One-dimensional eigenspace Let \(\lambda\) be an eigenvalue with corresponding eigenvector \(\vec{v}\). The following method still leads to two types of solutions. As a matter of fact, there also exists a vector \(\vec{w}\) such that \((A-\lambda I)\vec{w}=\vec{v}\). The vectors \(\vec{w}\) are called generalised eigenvectors of \(A\). From the properties of \(\vec{w}\) follows (check!) that \(\cv{x\\ y}=c(\vec{v}t+\vec{w})e^{\lambda t}\) is a solution, too. The general solution is in this case given by \[\cv{x\\ y} = c_1e^{\lambda t}\vec{v}+c_2e^{\lambda t}(\vec{v}t+\vec{w})\text.\] In this case \((0,0)\) is a repelling or attracting equilibrium depending on whether the eigenvalue is positive or negative, respectively.
As a first example we consider the system \[\frac{\dd}{\dd t}\cv{x\\ y}=A\cv{x\\ y},\quad \text{with }A=\matrix{-1 & 2\\ 0 & -1}\text.\] Eigenvalue and eigenvector of \(A\) is \[\lambda=-1\text{ with }\vec{v}=\cv{1\\0}\text.\] A generalised eigenvector, i.e., a solution of \((A-\lambda I)\vec{w}=\vec{v}\) is \[\vec{w}=\cv{0\\-\frac{1}{2}}\text.\] Thus the general solution is \[\cv{x\\y}=c_1e^{-t}\vec{v}+ c_2e^{-t}(t\vec{v}+\vec{w})\] where \(c_1\) and \(c_2\) are chosen so that \(\cv{x(0)\\ y(0)}=\cv{x_0\\y_0}\). The trajectories are curves which go in the direction of the origin, as the following phase portrait illustrates. The equilibrium is attracting.

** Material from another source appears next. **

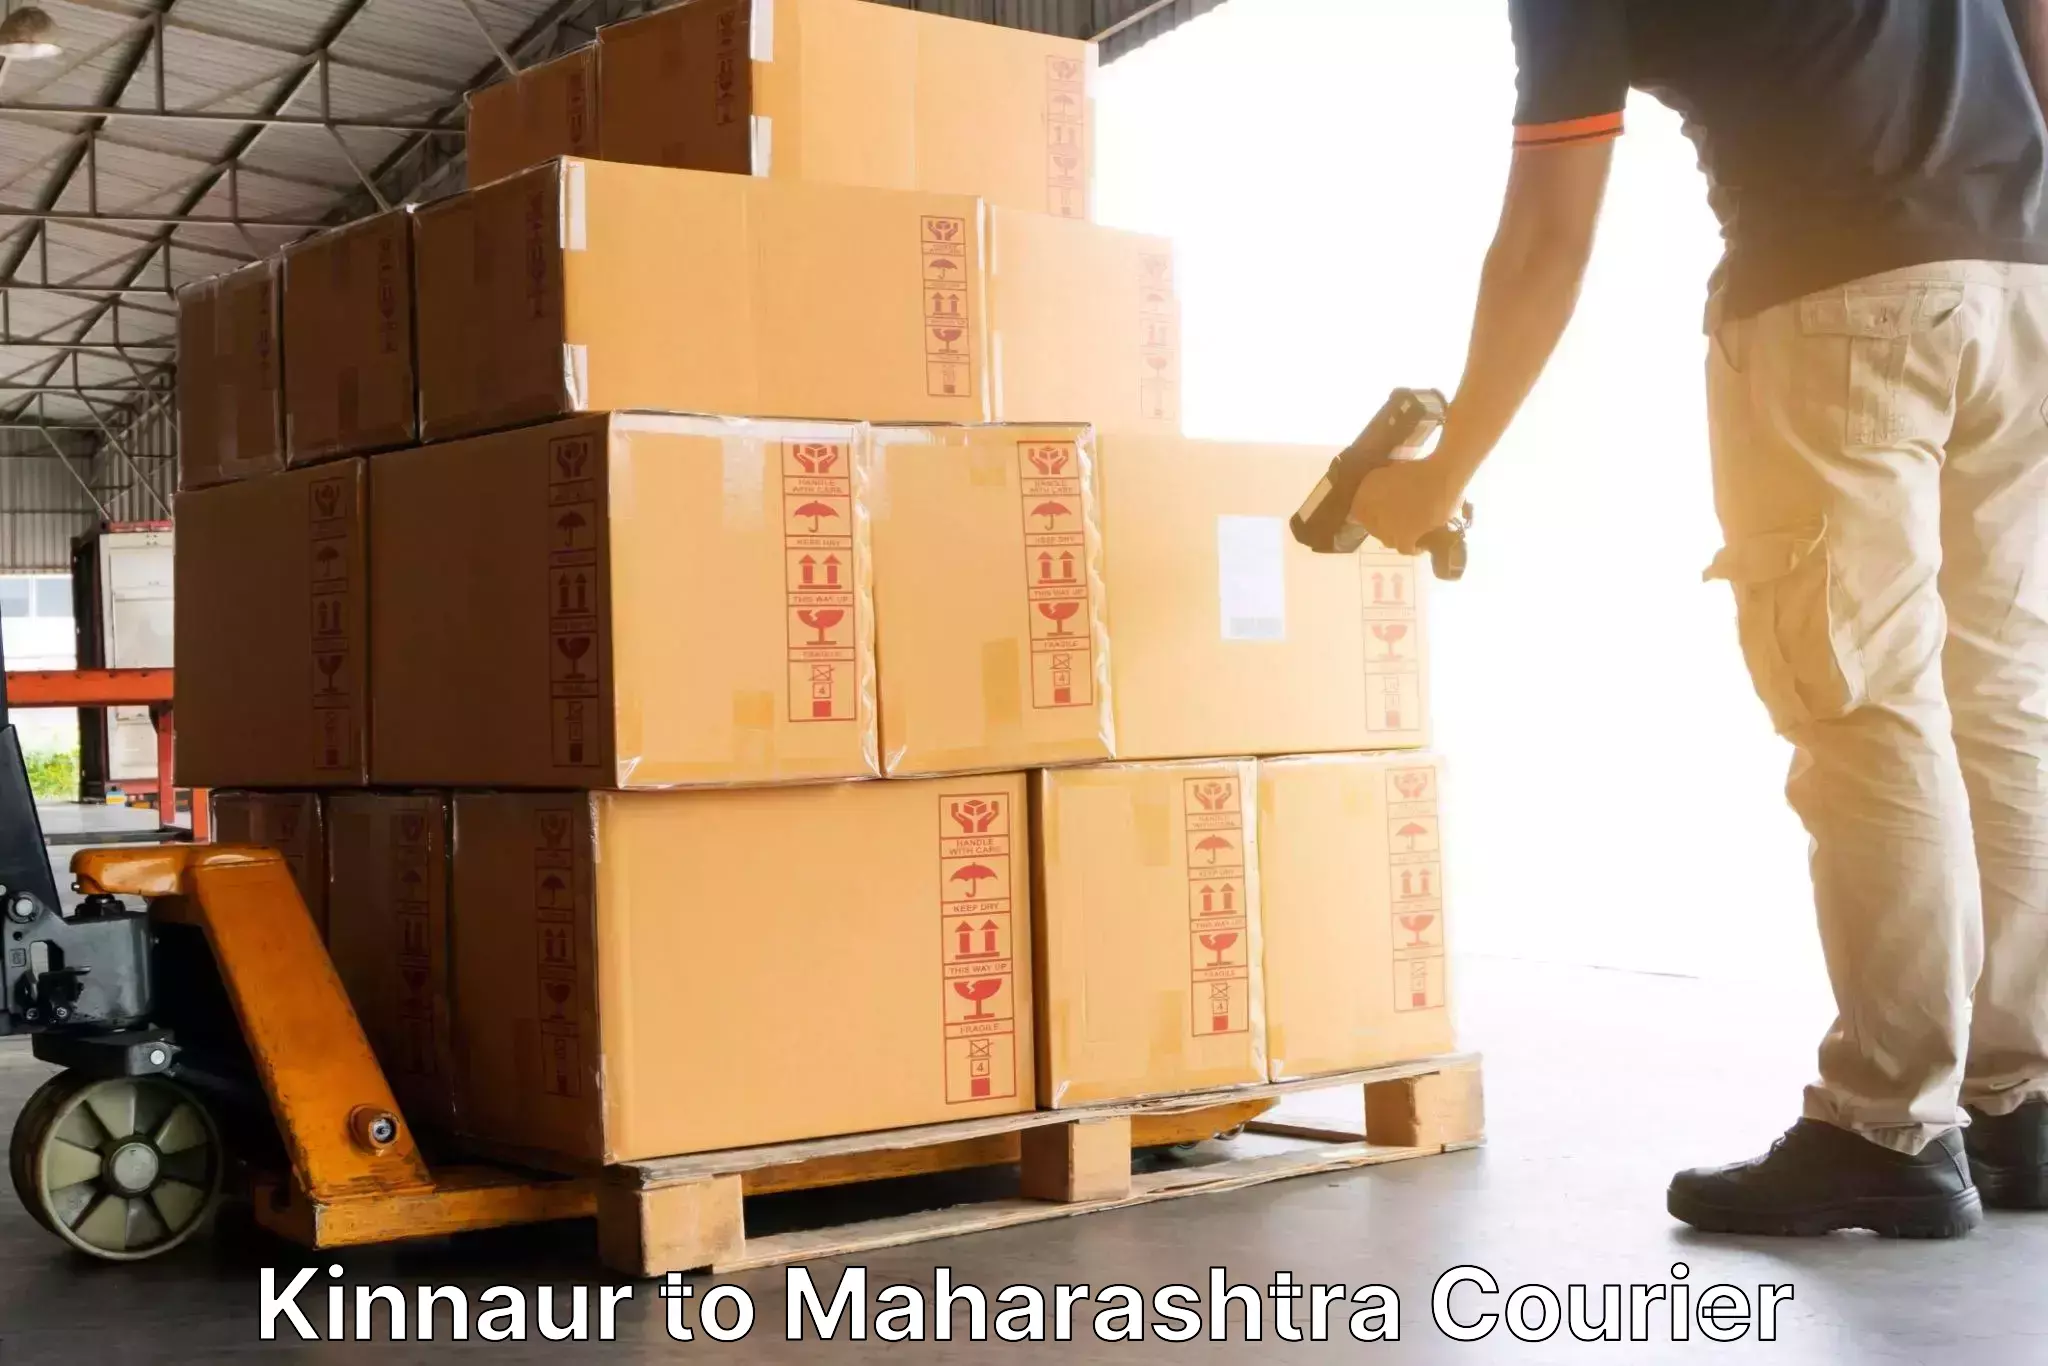 Courier service partnerships Kinnaur to Kannad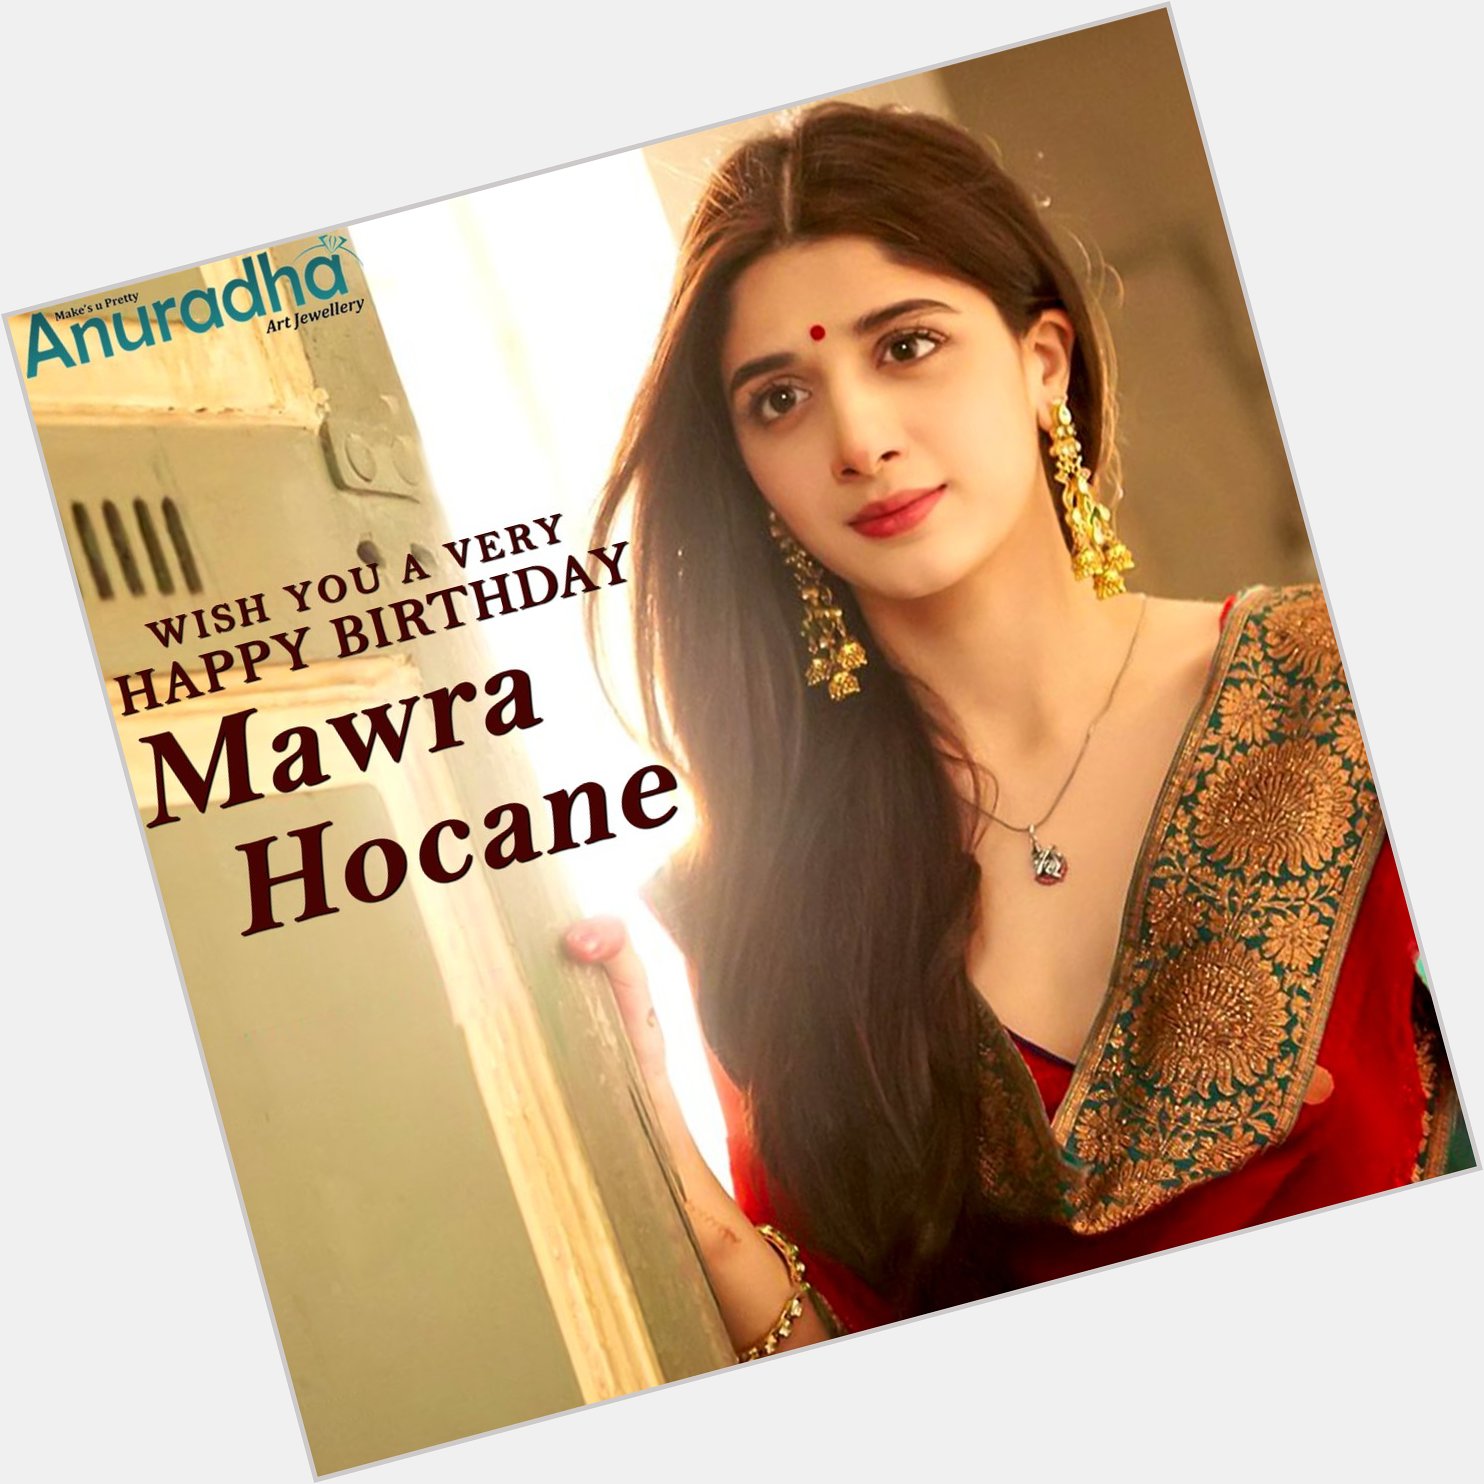  Anuradha Art Jewellery Wishes a Very Happy Birthday to Mawra Hocane

As a second example we consider the system \[\frac{\dd}{\dd t}\cv{x\\ y}=A\cv{x\\ y},\quad \text{with }A=\matrix{1 & -1\\ 1 & 3}\text.\] Eigenvalue and eigenvector of \(A\) is \[\lambda=2\text{ with }\vec{v}=\cv{-1\\1}\text.\] A generalised eigenvector, i.e., a solution of \((A-\lambda I)\vec{w}=\vec{v}\) is \[\vec{w}=\cv{1\\0}\text.\] Thus the genera solution is \[\cv{x\\y}=c_1e^{2t}\vec{v}+ c_2e^{2t}(t\vec{v}+\vec{w})\] where \(c_1\) and \(c_2\) are chosen so that \(\cv{x(0)\\ y(0)}=\cv{x_0\\y_0}\). The trajectories are curves which go away from the origin, as the following phase portrait illustrates. The equilibrium is repelling.